Cone Beam Computed Tomography
The cone beam computed tomography is a three-dimensional skull radiograph and has less exposure to radiation than the older computed tomogram (CT). While traditional X-ray images are always projections of the subject on a single plane, the CBCT allows three-dimensional view, revealing the real extent and positional relationship of structures. Indications for a CBT are the planning of dental implants, in orthodontics e.g. the assessment of heavily impacted tooth buds.
Great skepticism is appropriate when applying the recently fashionable three-dimensional skull radiographs with the cone beam tomography (CBCT). The data obtained with a CBCT has little or no contribution to the planning of routine treatments for patients so this elaborate technique has little benefit.
A CBT causes a manifold radiation load emitted on the body contrary to a standard panoramic X-ray. Therefore, for legal reasons, the administration of multiple CBCT’s without due cause is regarded as criminal assault. Unfortunately, habit is hard to break and routine CBCTs have been administered during recent years from the United States to Germany. Again, collecting diagnostic data is only useful if it has beneficial results for the therapy.

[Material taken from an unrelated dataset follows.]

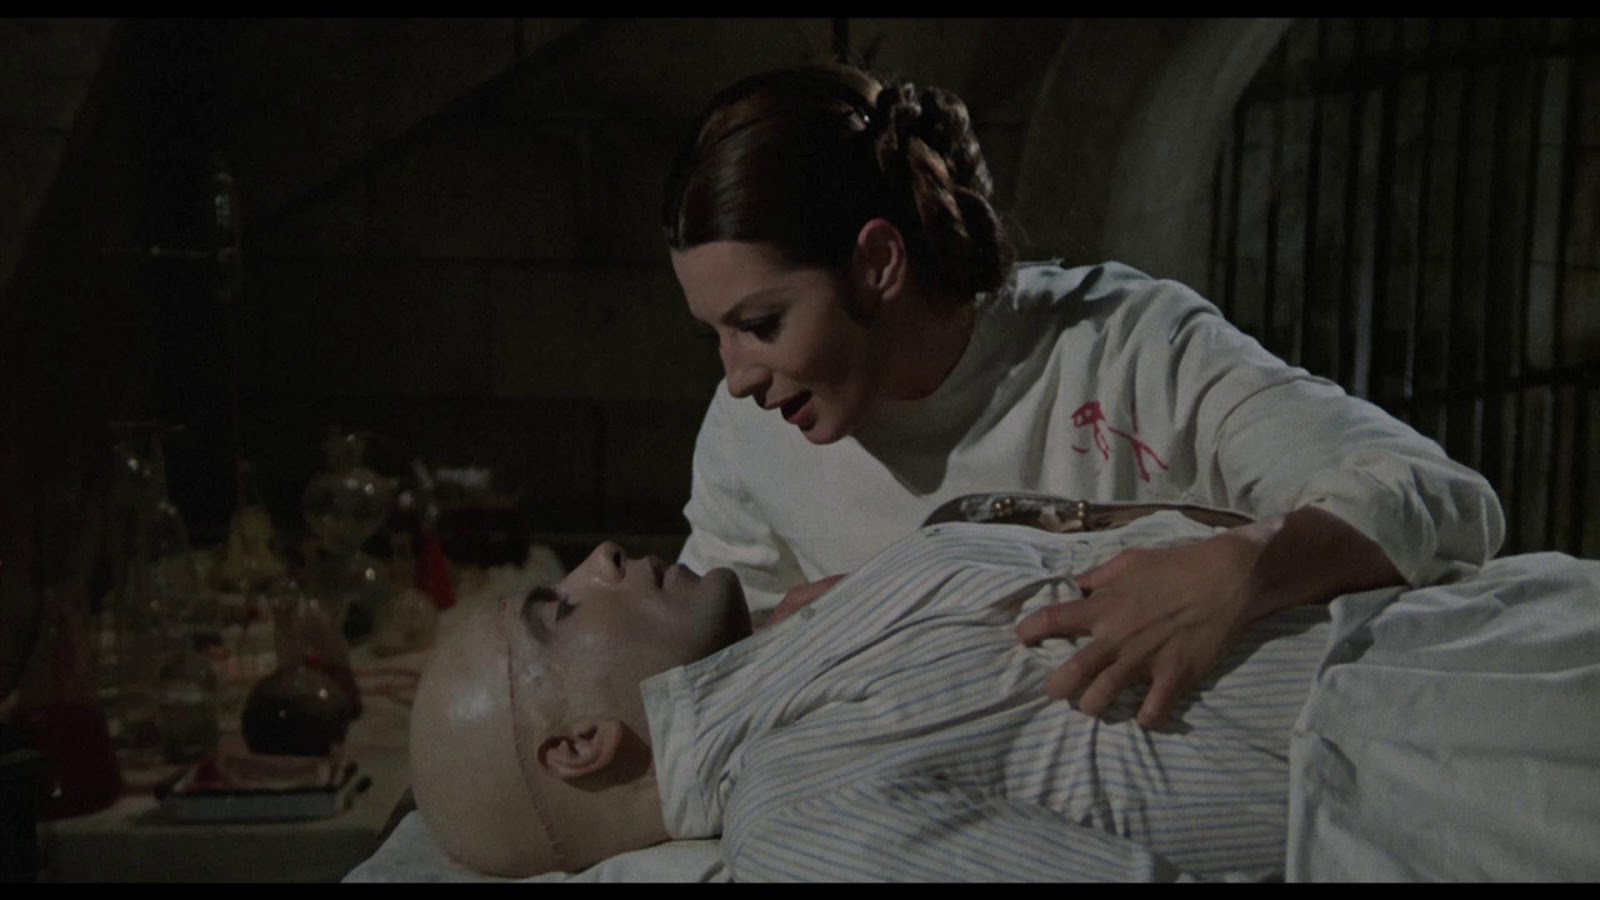 Films in London this week: LADY FRANKENSTEIN at The King & Queen (09 NOV).

This also applies to orthodontics: the collection of diagnostic data makes sense only if it results in consequences for the therapy, and modern technology is not only per se a good thing, if there are better alternatives. We refer about 1-2% of our patients to specialists who make a CBCT. For this reason, we do not operate our own CBCT in our practices.
In our practice in Mannheim, Dr. Madsen is certified specifically for the evaluation of CBCT data concerning the few cases in which this aspect is of real importance.